Tengo, lo confieso, cierta reticencia a las efemérides literarias. Mi desconfianza no es gratuita ni arbitraria: han sido una estrategia que el periodismo, los medios de comunicación y las industrias culturales han explotado desde hace casi dos siglos para vender periódicos o libros (y ahora para conseguir visitas y visualizaciones en las publicaciones digitales). En 1917, Alfonso Reyes reparaba, desde la prensa madrileña, en ese “volver los ojos al pasado con un sentimiento casi religioso”, y explicaba que había sido Auguste Comte quien, al idear su Calendario positivista en 1844, había inaugurado esta estrategia de la memoria pública que consistía en honrar cada mes a un personaje que hubiera contribuido al desarrollo de la humanidad. Pero una cosa es honrar el recuerdo y otra celebrarlo. La primera acción es una muestra de respeto y admiración; la segunda, un pretexto para el boato. No generalizo, por supuesto. Me parece, sin embargo, que ahora el recurso de la efeméride se ha prestado más al espectáculo que a la reflexión. Y tal vez no haya nada malo en ello, aunque no deja de provocarme inquietud. 

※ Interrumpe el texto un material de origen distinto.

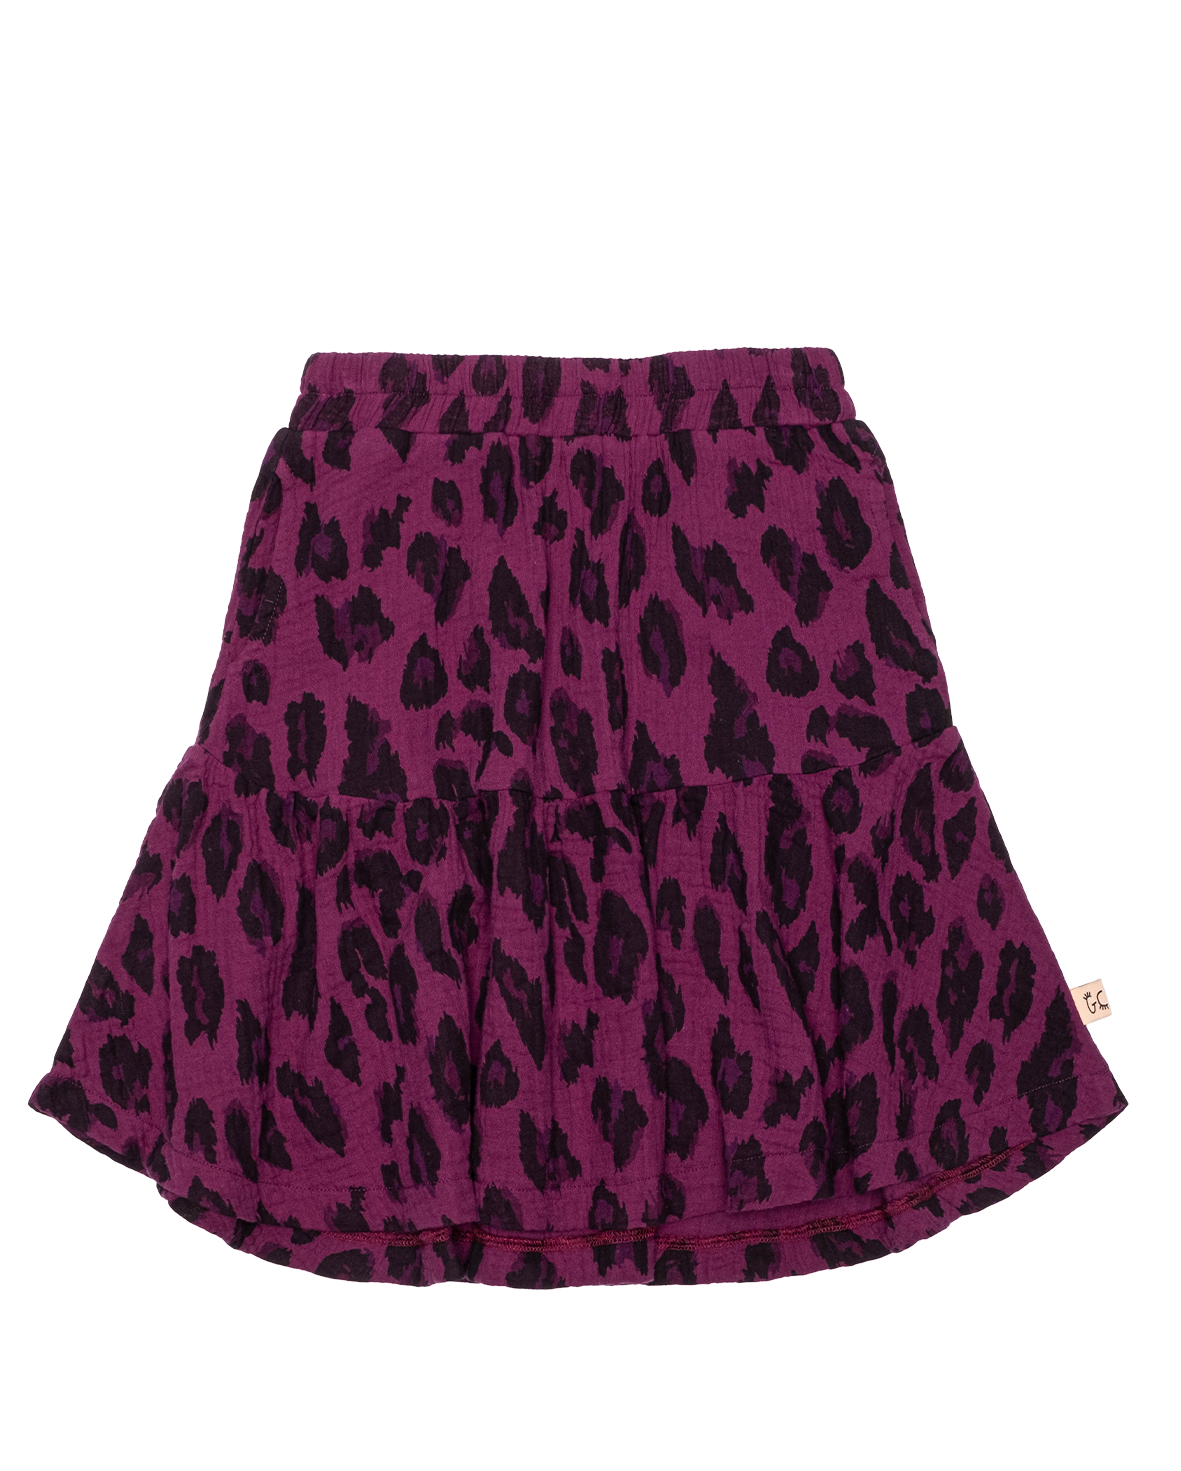 The Girld Club - Leopard Print Play Skirt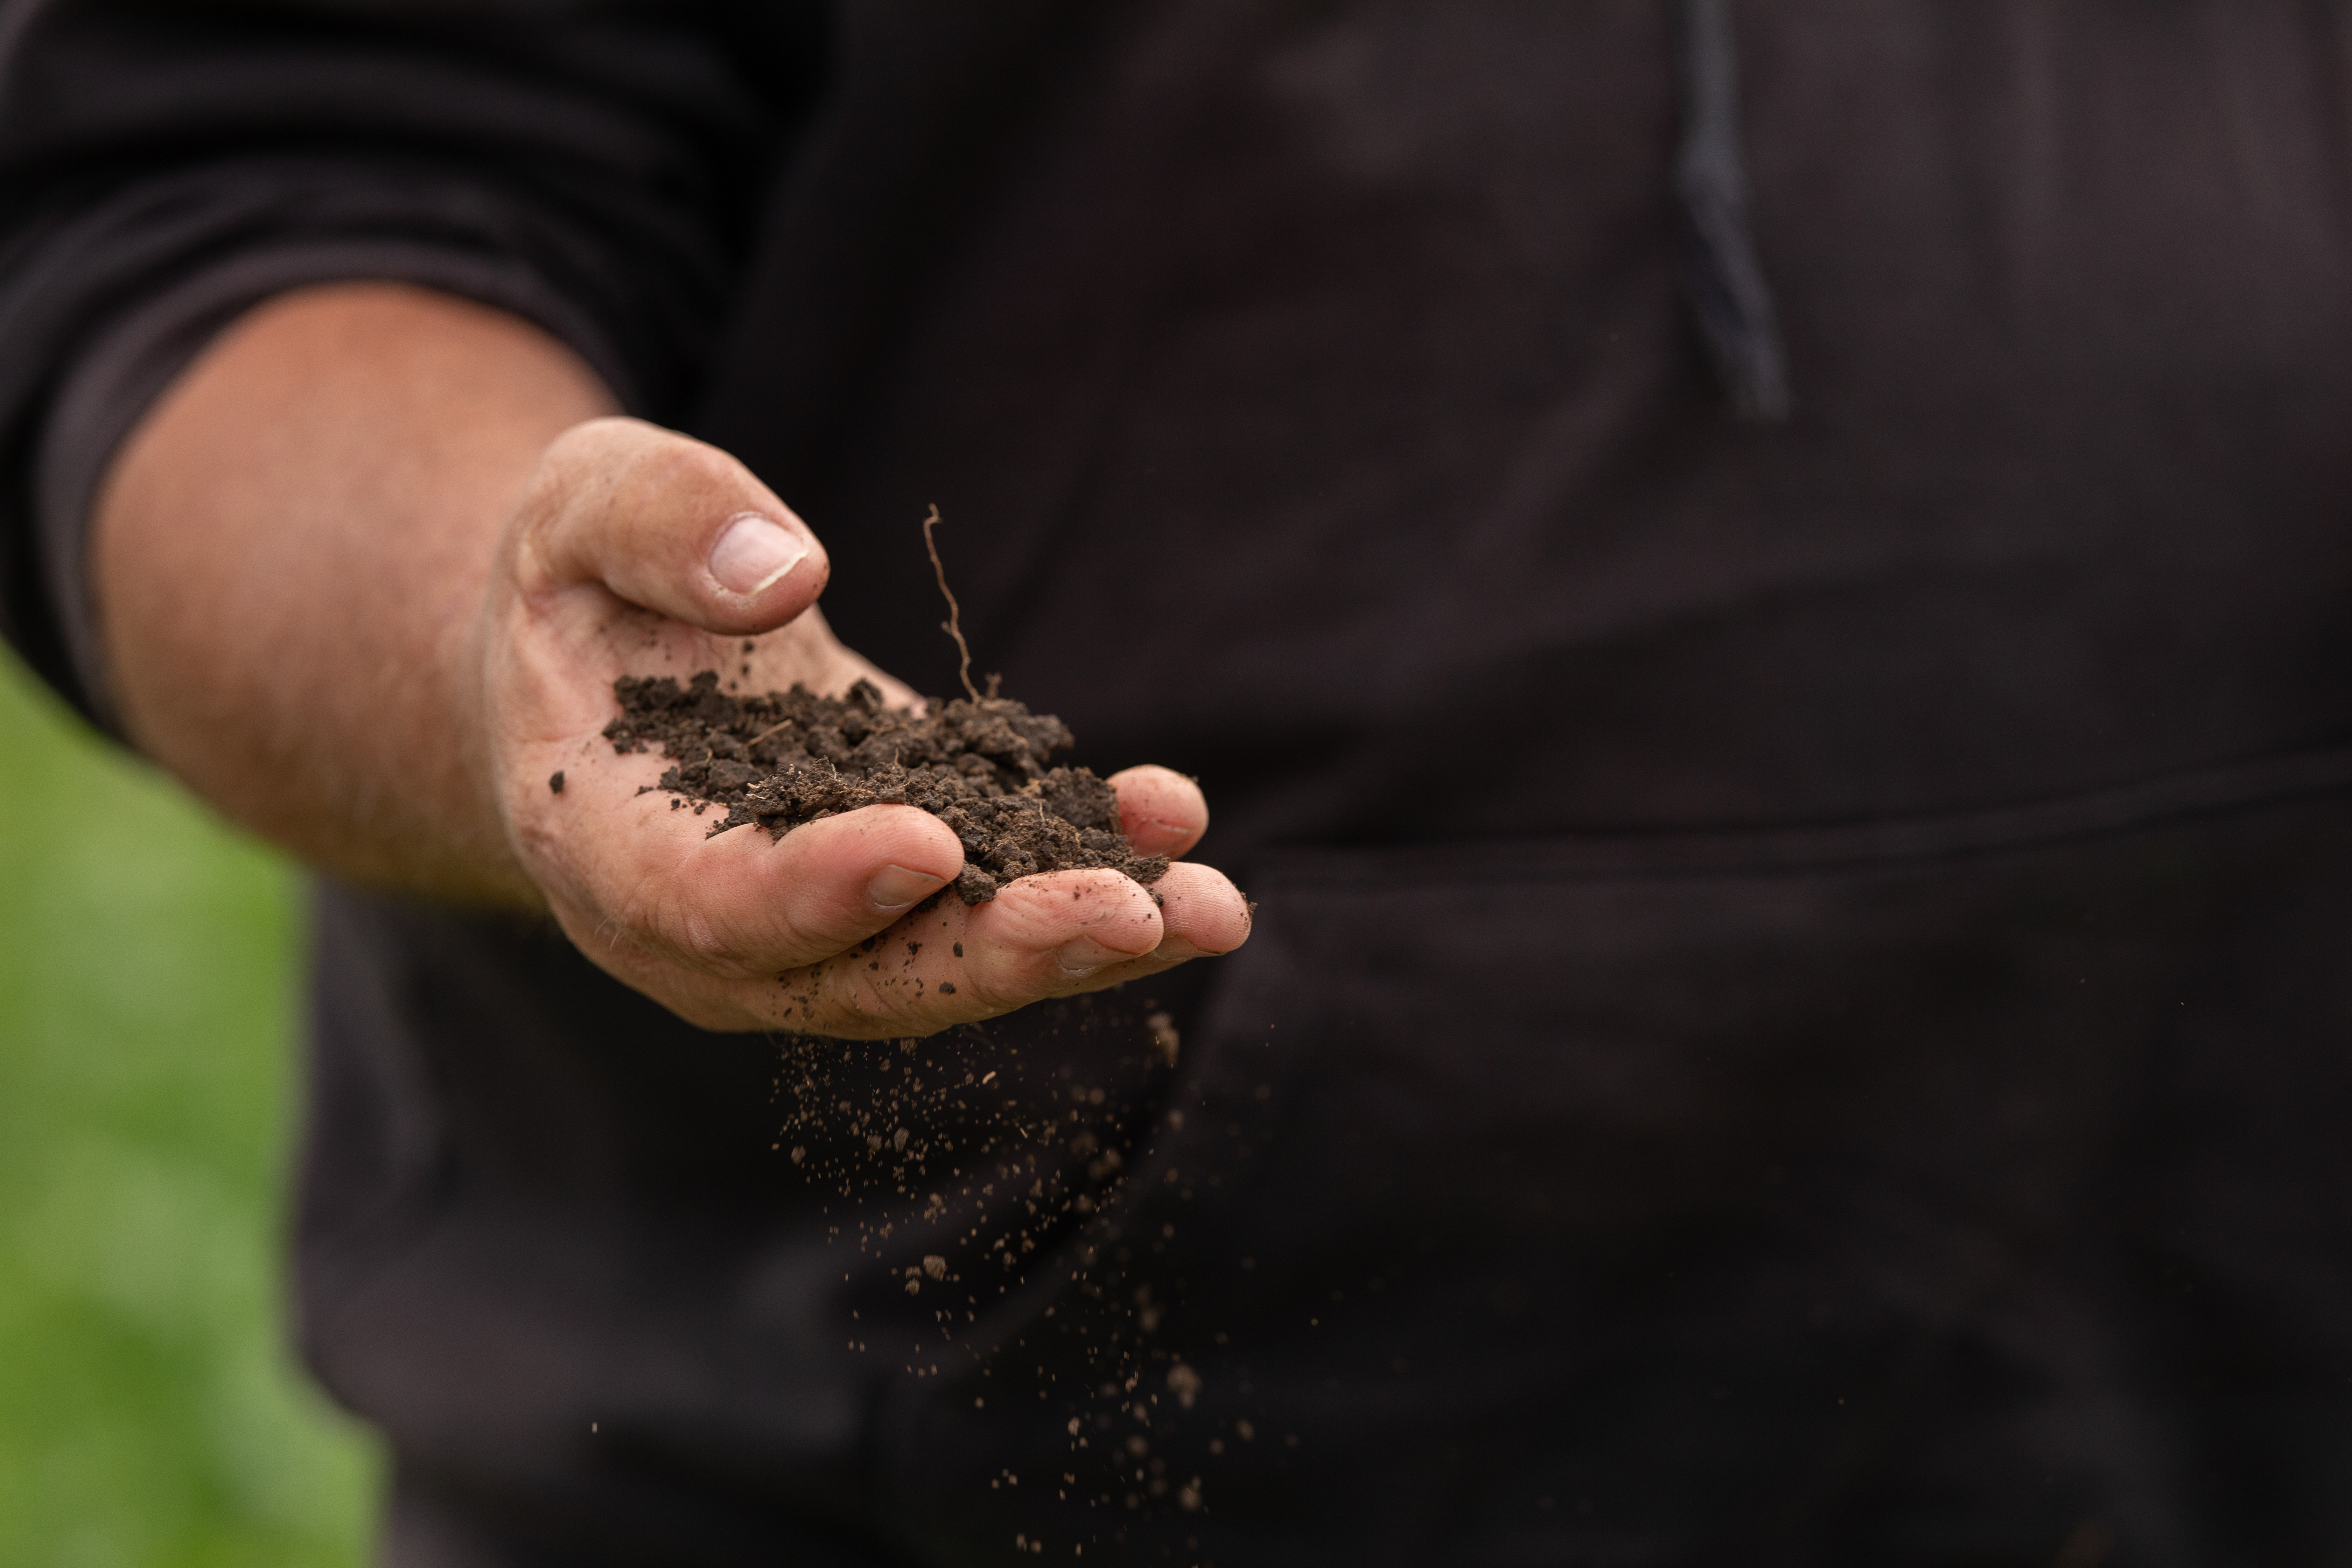 Soil in hand

Hace unos días se cumplieron doscientos años del natalicio de Fiódor Dostoievski y, al ver la cantidad de notas y artículos publicados en torno a este acontecimiento, dudé si debía agregar más leña al fuego.  La tentación es grande: cómo no decir nada de un autor como él, que le dio una vuelta de tuerca a la narrativa moderna. La monumentalidad puede ser también un problema crítico: aceptar sin más la “universalidad” de un escritor o de un artista implica también cerrar la puerta al cuestionamiento y el diálogo. La vigencia de un creador está en su capacidad para seguir diciéndonos cosas nuevas a lo largo del tiempo, y no en la cantidad de homenajes y reportajes que reciba tras su fallecimiento. Nadie como Dostoievski encarnó mejor ese dilema: Pobres gentes (1846), su primera novela, le valió el reconocimiento del gremio cultural (recibió, incluso, la “bendición” de Visarión Belinski, el principal crítico literario ruso e impulsor de la renovación artística en aquel imperio). Él se asumió entonces como escritor y se aventuró a la experimentación formal con El doble, su siguiente trabajo. Eran años de revoluciones sociales (la famosa revuelta de 1848 en Francia) y no tardó en abordar esa locomotora de carbón y acero. El resto de la historia es conocido: fue apresado, se le montó un falso fusilamiento y se le exilió en Siberia durante cuatro años. Luego ingreso al ejército, y pasó diez años sin publicar (transitó de la vanguardia política a la retaguardia conservadora). La conversión se había cristalizado. Dostoievski dejó los cenáculos y las poses de artista y comenzó a escribir desde las profundidades de la contradicción humana: “Soy un hombre enfermo... Un hombre malo. No soy agradable. Creo que padezco del hígado. De todos modos, nada entiendo de mi enfermedad y no sé con certeza lo que me duele. No me cuido y jamás me he cuidado…”, así comenzaba el narrador de memorias del subsuelo (1864). No hace falta añadir nada más.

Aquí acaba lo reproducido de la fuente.